The engagement pin and shutter may also interact to prevent the shutter moving when the stackable electrical connector is not plugged into the wall. When the engagement pin extends to its maximum reach from the stackable electrical connector a protrusion from the shutter abuts a further portion of the keyed element on the engagement pin to prevent the shutter sliding to open.
It will be appreciated that the embodiments shown herein show an arrangement with a protrusion from the shutter and notches in the engagement pin. Alternative arrangements are possible, for example reversing this arrangement such that the engagement pin has protrusions and the shutter has corresponding notches. The embodiment described herein demonstrates an approach whereby the engagement pin is biased in the upstream direction to protrude from the base of the electrical connector.

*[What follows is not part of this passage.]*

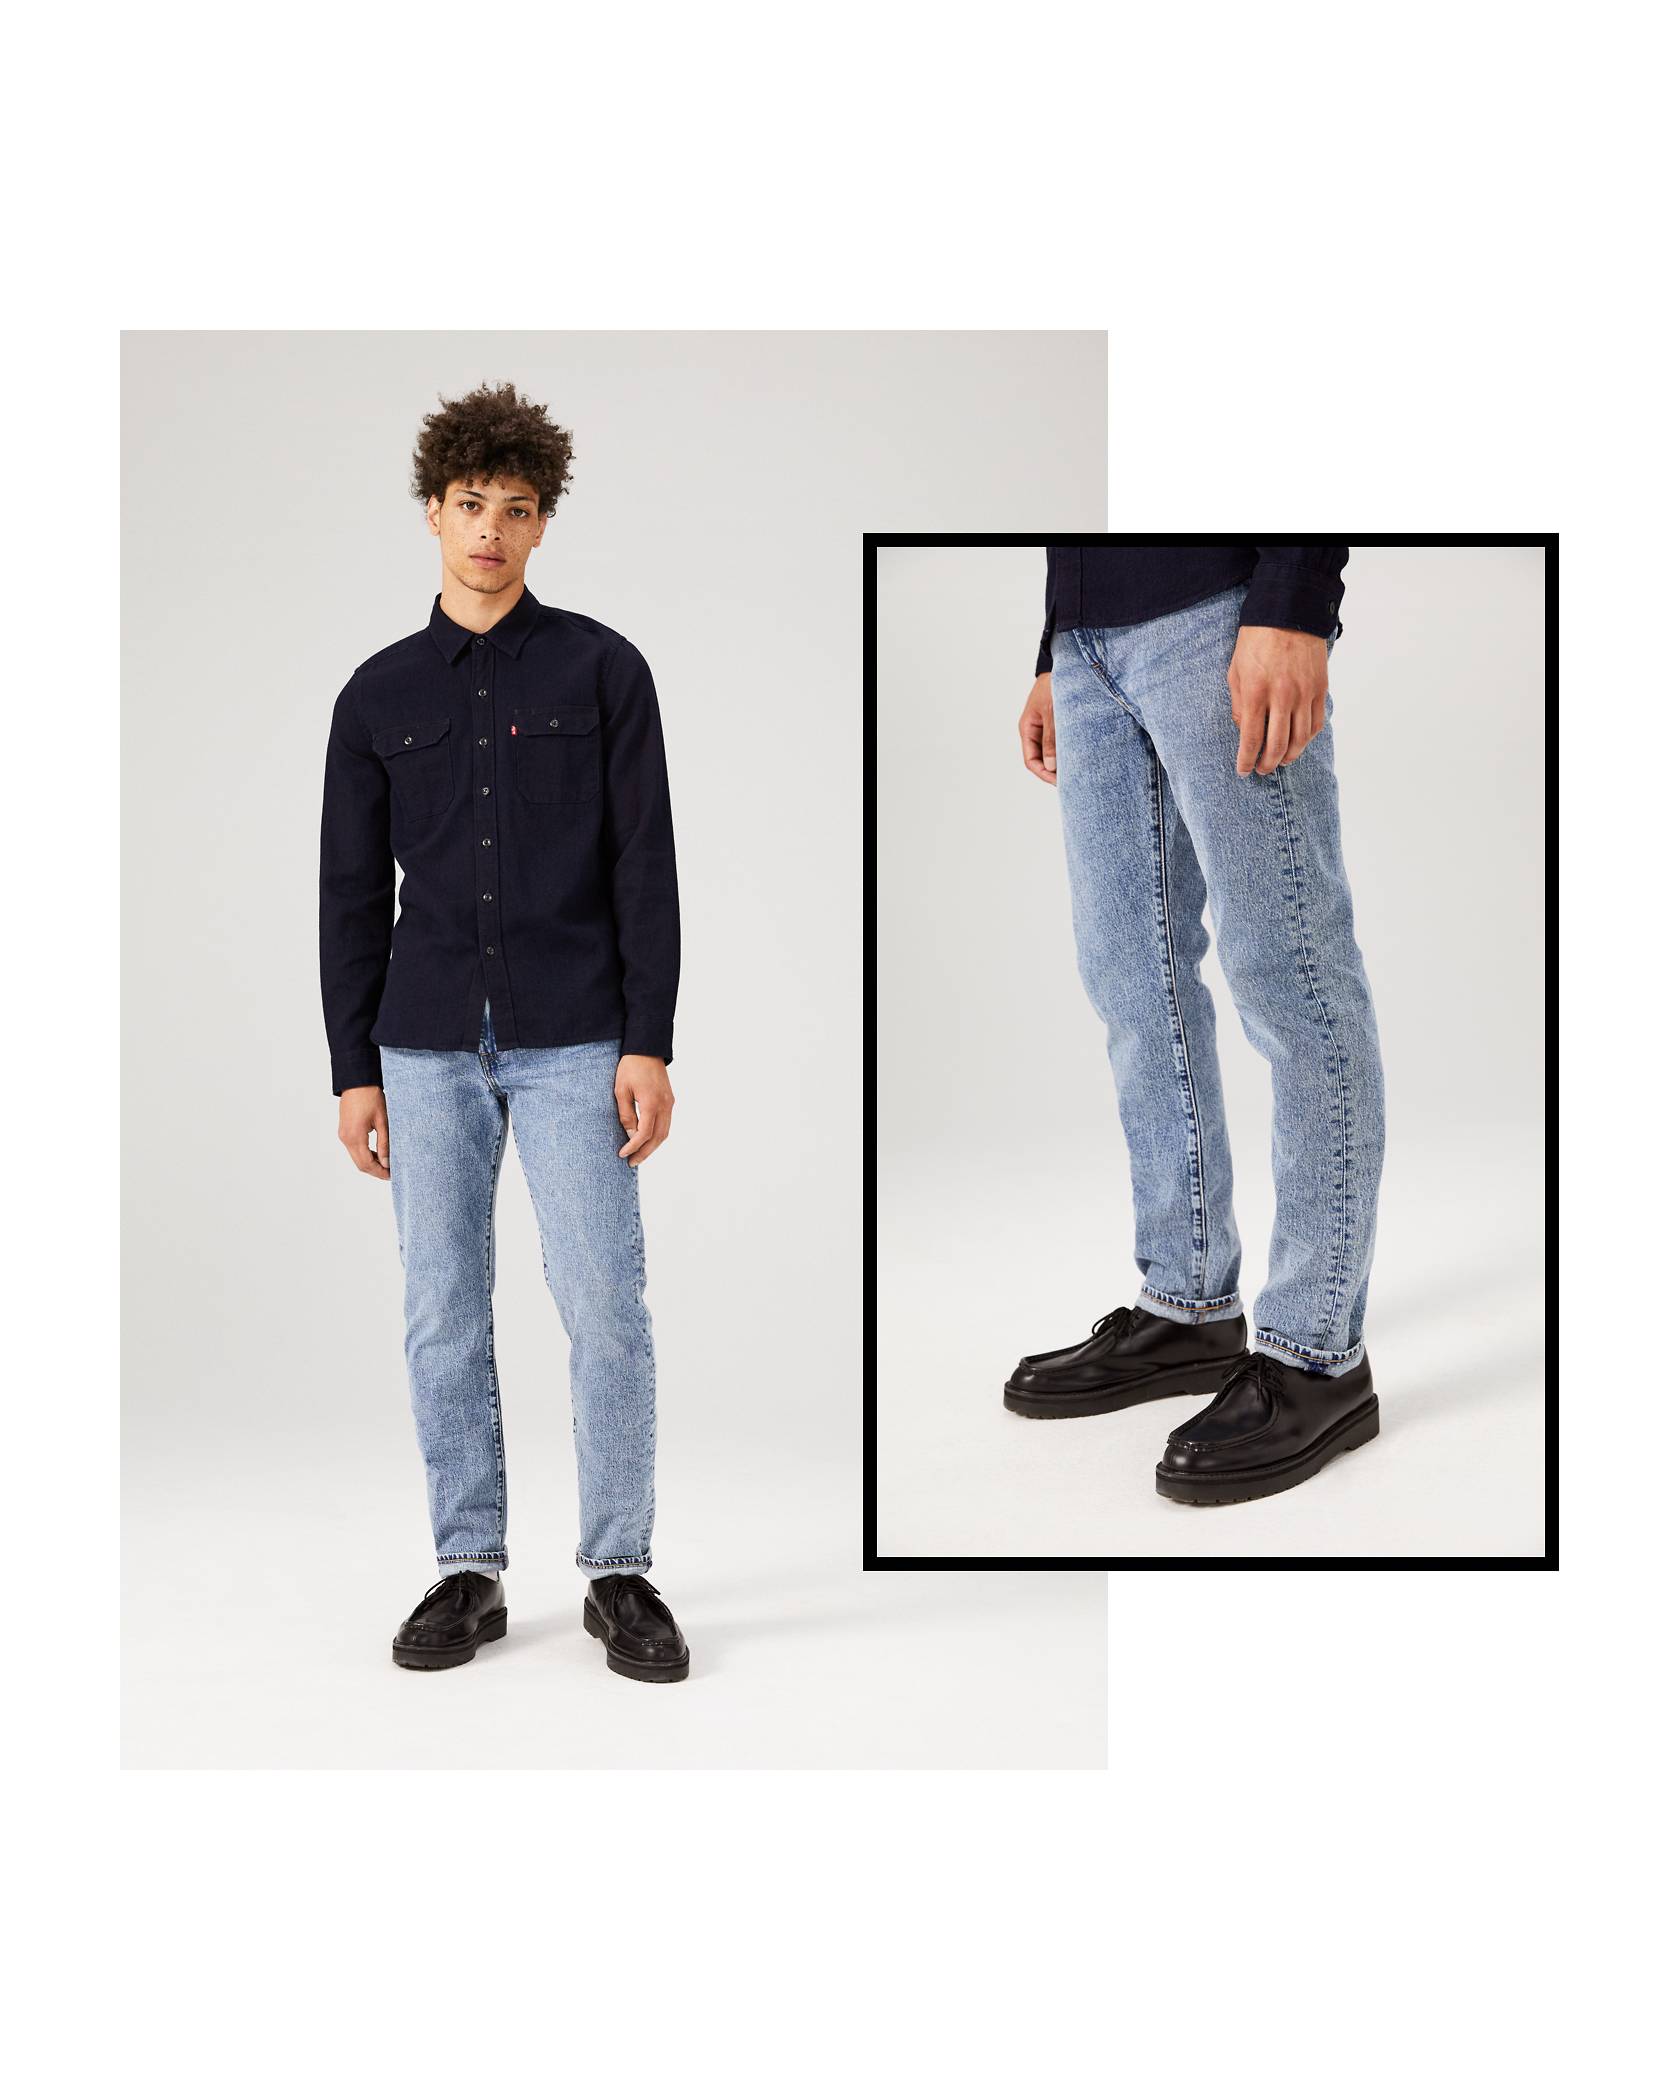 Schaken Zij zijn venster How to Wear Tapered Jeans for Men | Off The Cuff

This advantageously allows a conventional plug (not a stackable connector) to be inserted into the socket portion of the most downstream stackable electrical connector as there is no protrusion extending outwards from the stackable plug in the downstream direction. However, it will be appreciated that in alternative embodiments the direction of the engagement pin may be reversed so that it does protrude from the upper surface (from the socket side of the plug).
It will also be appreciated however that, depending on features including the physical construction of the stackable connectors, safety requirements and the particular use, that the limit, or threshold, at which the shutter locks to prevent further plugs being connected may be varied. In the embodiment shown for UK plugs, a limit of three has been shown, but this may be limited to two, four or five for example. For other types of connectors with different mechanical arrangements this may be even more.
Figure 6 shows a schematic of the fusing arrangement within the stackable electrical connector 10. This provides a further safety feature to ensure the current is limited through all of the stackable electrical connectors to prevent the current exceeding a predefined safety limit. In Figure 6 the schematic shows a fusing arrangement for a stackable 13 amp mains plug suitable for the UK market. The pass through fuse 50 connects from the live upstream electrical pin to the downstream live pin socket and limits the supply to the directly connected appliance and any additional stackable electrical connectors connected. As more and more stackable electrical connectors are connected each subsequently has a further pass through fuse in series with upstream stackable electrical connectors. Should the total maximum current is limited to (in this example) 13 amps regardless of how many stackable electrical connectors are connected in series. However it will be appreciated that if a downstream stackable electrical connector contains a smaller fuse then this fuse may blow first if the current drawn through this particular fuse exceeds the limit allowed by that particular fuse. The stackable electrical connector further comprises a conventional load/device fuse coupled from the downstream side 51 of the pass through fuse and connected between this downstream position and the live terminal that a power cord of an electrical device is connected to. This load fuse is of a conventional size appropriate to the electrical requirements of the electrical device.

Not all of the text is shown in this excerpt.